Amazonas
Distribuidoras apoiam Advocacia-Geral da União em ação no STF contra benefício fiscal ao refino de petróleo na Zona Franca de Manau
A AGU considerou a norma inconstitucional e recomendou a suspensão imediata.
Petrobras informa que a queda no preço busca o equilíbrio com o mercado internacional. (Foto:Divulgação/Internet).
O Sindicato Nacional das Empresas Distribuidoras de Combustíveis e Lubrificantes (Sindicom) divulgou nota nesta quinta-feira em apoio à manifestação apresentada pela Advocacia-Geral da União (AGU) na ADI 7963, em tramitação no Supremo Tribunal Federal (STF), que discute a concessão de benefício fiscal ao refino de petróleo na Zona Franca de Manaus. A AGU considerou a norma inconstitucional e recomendou a suspensão imediata.
A Confederação Nacional do Ramo Químico da Central Única dos Trabalhadores (CNRQ/CUT) ajuizou no Supremo Tribunal Federal (STF) a Ação Direta de Inconstitucionalidade (ADI) 7963, com pedido de liminar, contra dispositivo da reforma tributária que incluiu a indústria de refino de petróleo da Zona Franca de Manaus (ZFM) entre as atividades beneficiadas pelo regime fiscal favorecido da região. A ação foi distribuída à ministra Cármen Lúcia.
Segundo a CNRQ/CUT, a Lei Complementar 214/2025 (artigo 441, alínea “e”) criou um benefício específico e inédito para o setor de refino de petróleo na região, violando princípios constitucionais como isonomia tributária e livre concorrência. Segundo a entidade, a medida favorece de forma desproporcional e direcionada a apenas uma empresa que adquiriu refinaria privatizada na Zona Franca de Manaus.

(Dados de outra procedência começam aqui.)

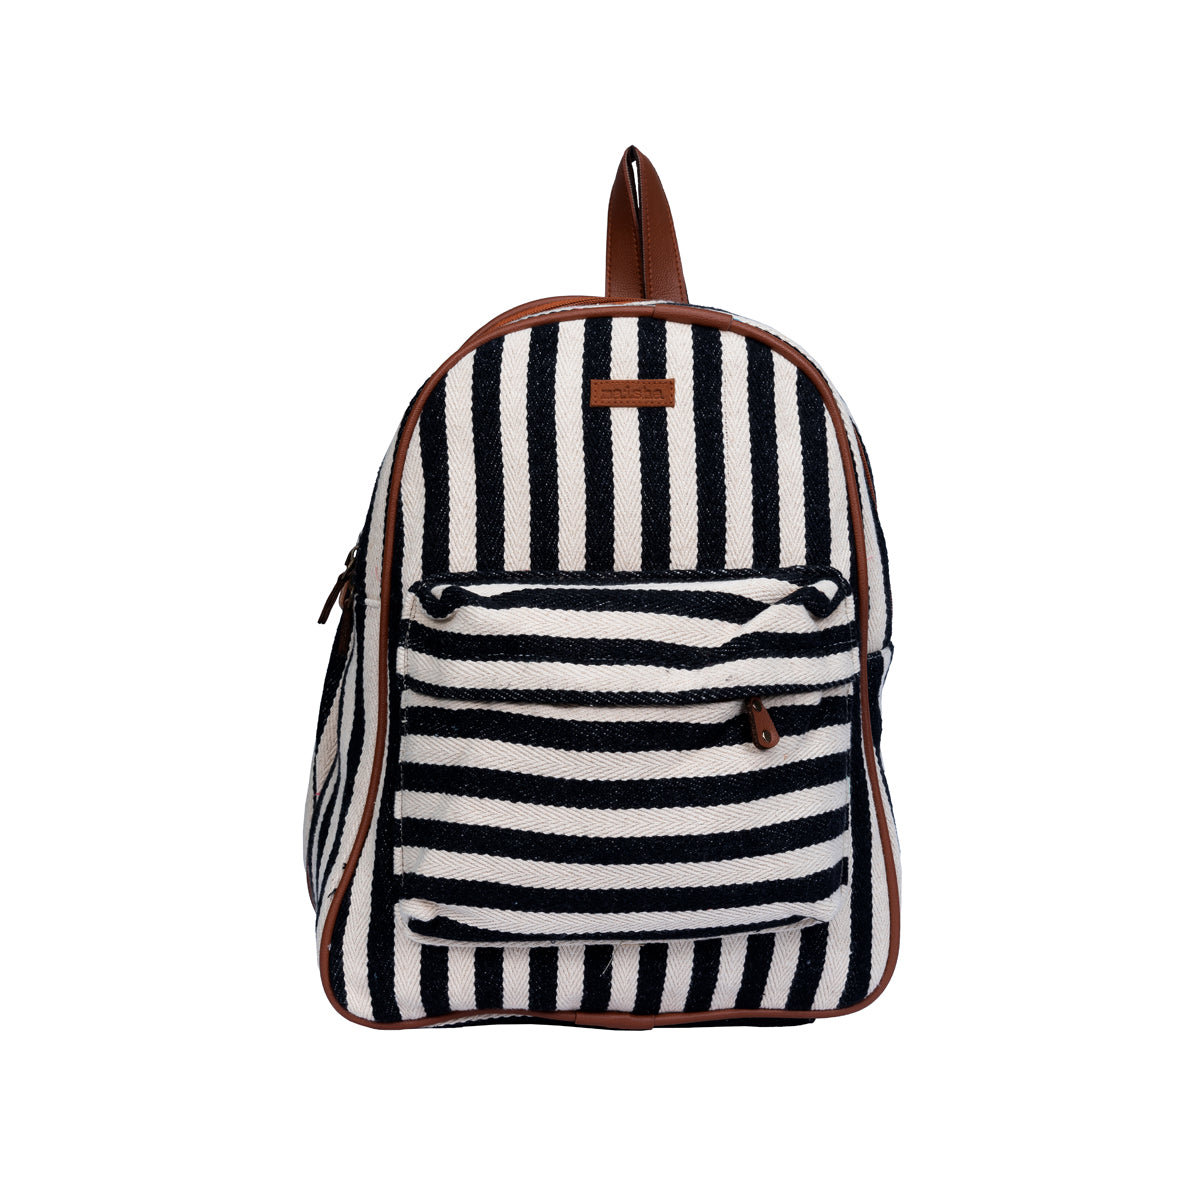 Black And White Stripes Compact Backpack Bag

A confederação também sustenta que a regra contraria decisões anteriores do STF sobre o regime fiscal da ZFM e a exclusão histórica de combustíveis derivados de petróleo dos incentivos fiscais da região. Para a entidade, o benefício fiscal cria uma assimetria competitiva com potencial impacto sobre empregos, investimentos e a atividade de refino em outras regiões do país.

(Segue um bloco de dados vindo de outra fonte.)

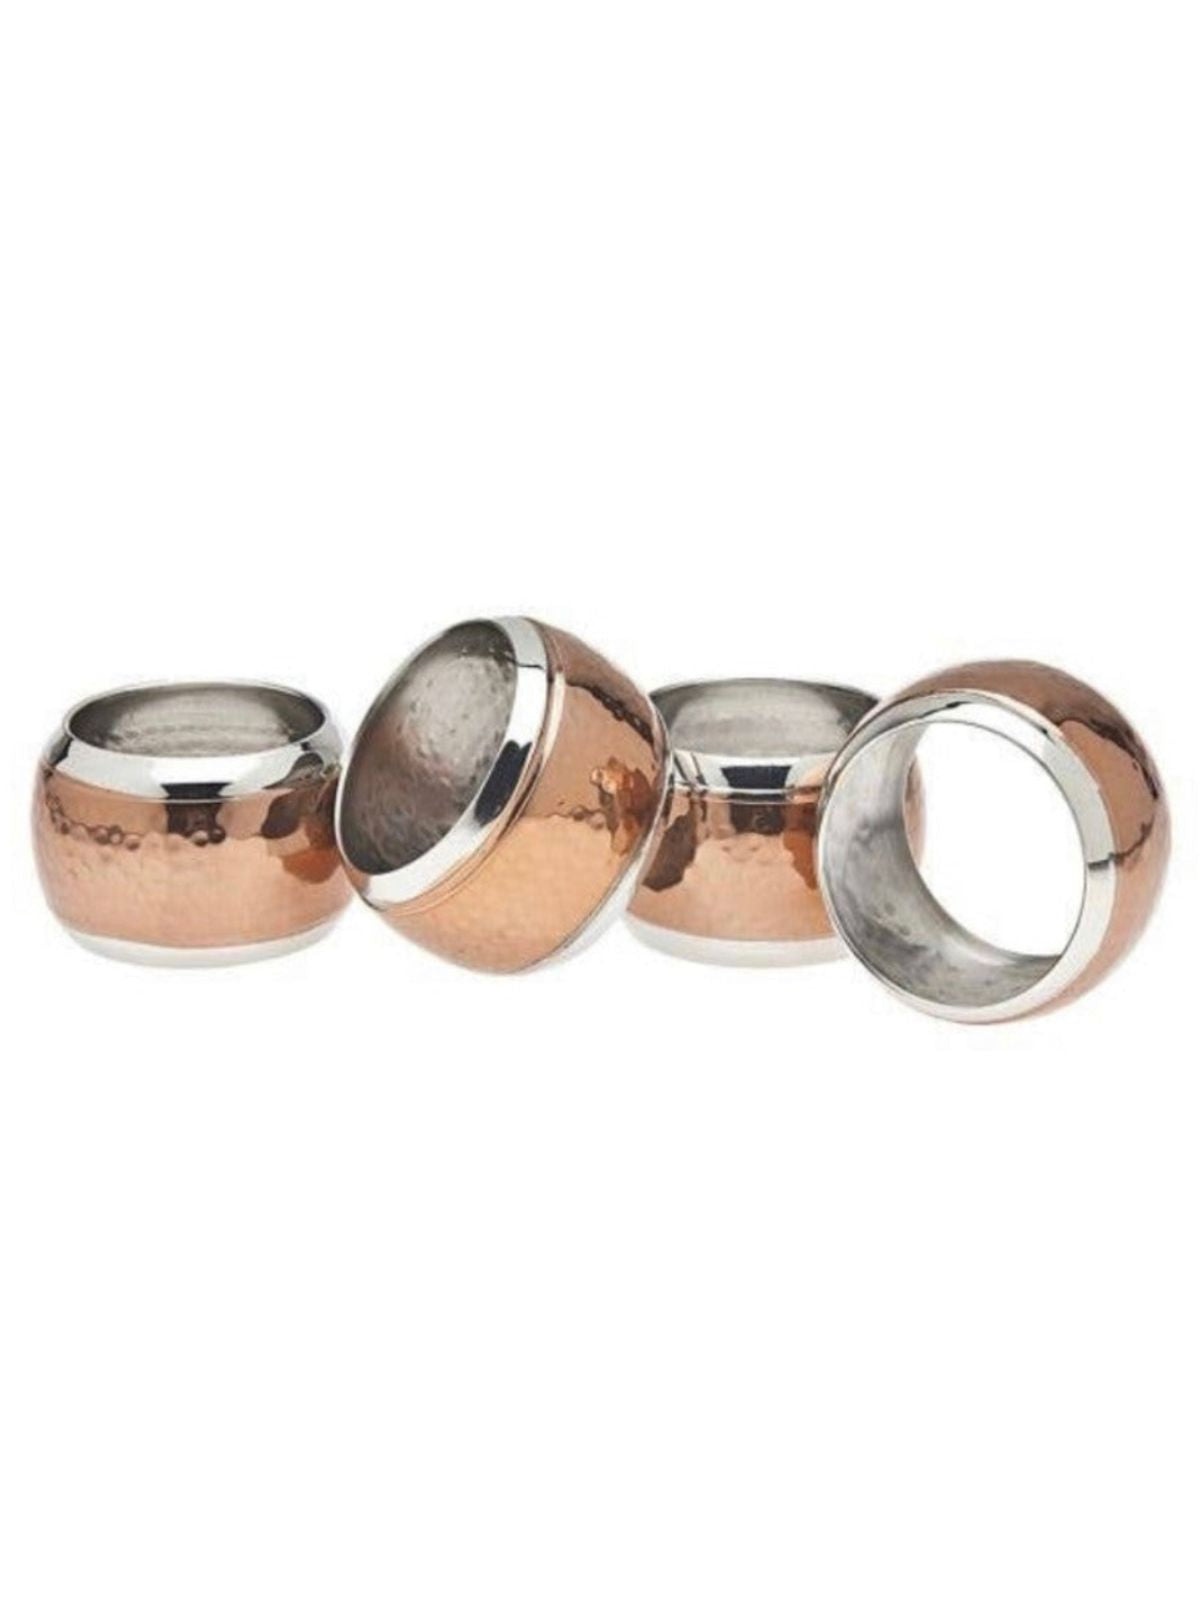 Set of 5 Hammered Copper Round Napkin Rings sold by KYA Home Decor.

Segundo estimativas do Sindicom, a medida pode representar cerca de R$ 1,3 bilhão por ano em tributos não recolhidos. Para a entidade, a manifestação da AGU reforça preocupações já apresentadas ao Supremo sobre os impactos concorrenciais da medida, incluída na regulamentação da Reforma Tributária. O Sindicom defende a preservação da neutralidade tributária e da igualdade de condições entre os agentes do mercado de combustíveis.
“A manifestação da AGU reforça um dos princípios centrais da Reforma Tributária: a neutralidade. A concessão de um benefício estimado em R$ 1,3 bilhão por ano para um único agente econômico altera as condições de concorrência e afeta a previsibilidade necessária para investimentos e planejamento das empresas”, afirma Mozart Rodrigues, diretor-executivo do Sindicom.
O Grupo Atem, dono da Refinaria da Amazônia, em Manaus, defende a legalidade da medida, argumentando que o benefício integra as garantias constitucionais da Zona Franca de Manaus para atrair investimentos e combater desigualdades regionais.